Critiques

Kurt Vile

(watch my moves)

  • Verve Records
  • 2022
  • 74 minutes
7,5

Kurt Vile a crée deux albums de premier plan: Smoke Ring for My Halo (2011) et Wakin’ on a Pretty Daze (2013). Encore aujourd’hui, ce dernier est considéré par plusieurs comme étant le disque le plus significatif de sa carrière. Sur ce long format réalisé par John Agnello, la répétitivité compositionnelle de Vile était habilement camouflée par l’apport créatif du réalisateur. En plus d’avoir conservé intact le côté « relâché » de l’artiste, Agnello avait alors eu l’intelligence d’enrober les chansons du Philadelphien d’origine dans des superpositions de guitares et de claviers inspirées par la pop rêveuse et le shoegaze.

Sur Believe I’m Going Down… (2015) et Bottle It In (2018), Vile a préconisé une approche plus directe. Sans que ce soit de mauvais disques, tant s’en faut, le charme de l’artiste s’est quelque peu étiolé et, par le fait même, notre intérêt pour sa musique s’est passablement amoindri. La musique de Kurt Vile est intemporelle et, pour l’apprécier à sa juste valeur, il faut porter attention aux subtils changements qu’il y apporte, même si l’auteur de ces lignes n’y voit parfois que du feu… mais pas question d’abandonner le sympathique auteur-compositeur !

La semaine dernière, il était de retour avec un huitième album en carrière intitulé (watch my moves), un long format réalisé par le musicien lui-même. Au cours des deux dernières années, pour les raisons que l’on connaît, l’auteur-compositeur est demeuré cloîtré chez lui à écouter beaucoup de musique en souhaitant ainsi modifier ses habitudes créatives. Au début de la pandémie, Vile était, semble-t-il, au bout du rouleau. Cette fatigue mentale et physique l’a forcé à ralentir et à réfléchir.

C’est dans ce contexte qu’il nous présente un (watch my moves) ambiant, délicatement mélancolique, et recelant juste assez de modifications dans ses tics compositionnels pour nous garder captifs pendant plus de soixante minutes. Dès le début, avec Going on a Plane Today, il nous propose une chanson pianistique dépouillée évoquant le Lou Reed de l’album Transformer. Dans Mount Airy Hill (Way Gone) et Cool Water, le jeune quarantenaire plonge l’auditeur dans le folk country contemplatif. Avec la conclusive Stuffed Leopard, Vile nous ramène encore à Lou Reed, mais celui de l’album Coney Island Baby.
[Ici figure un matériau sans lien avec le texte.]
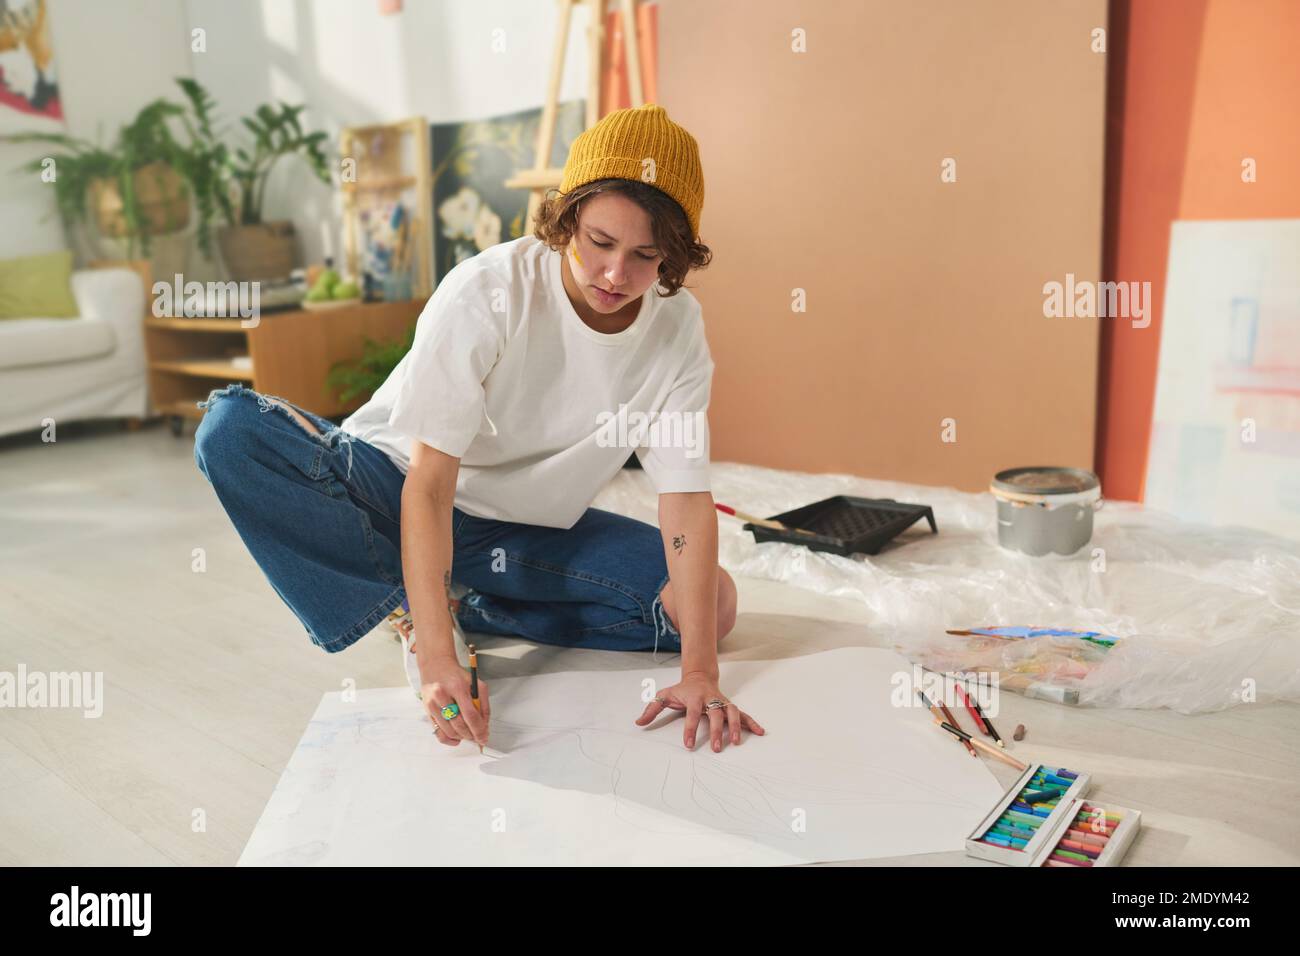 Artista femenino morena creativa joven dibujando con crayones en una hoja grande de papel en blanco mientras se sienta en el piso en el estudio casero Foto de stock

Les deux pièces de résistance de cette nouvelle production sont sans aucun doute Like Exlploding Stones et Fo Sho. Dans la première, Vile exprime pour une rare fois son état psychologique chancelant, particulièrement celui qui a prévalu au cours des deux dernières années :

Pain ricochetin’ in my brain like exploding stones
Thoughts runnin’ round in my cranium like pinball machine-a-mania
Dreamin’ of a time when everything rhymed and I was cool, calm, and collected
And all my heroes dropped by just to hear me play

– Like Exploding Stones

Dans Fo Sho, impossible de résister à cette sorte de sincérité/résilience exprimée par l’artiste :

Even if I’m wrong

Gonna sing-a-my song

‘Til the ass crack o’dawn

And it’s prolly gonna be a long song

– Fo Sho

Si son ex-complice, Adam Granduciel (The War on Drugs), trempe son rock épique dans une réalisation hautement ciselée, Vile est son antithèse, préférant la discrétion et la subtilité. Sans atteindre les standards des créations susmentionnées ci-dessus, (watch my moves) concrétise subtilement les efforts consentis par le musicien afin de modifier son approche chansonnière.

Ce disque ne désarçonnera aucunement les fans de Vile, mais grâce à ces petits virages inattendus qu’on entend tout au long de l’album, l’Américain crédibilise sa place dans l’univers indie rock états-unien. Un album mélancolique parfait à écouter par un dimanche matin pluvieux.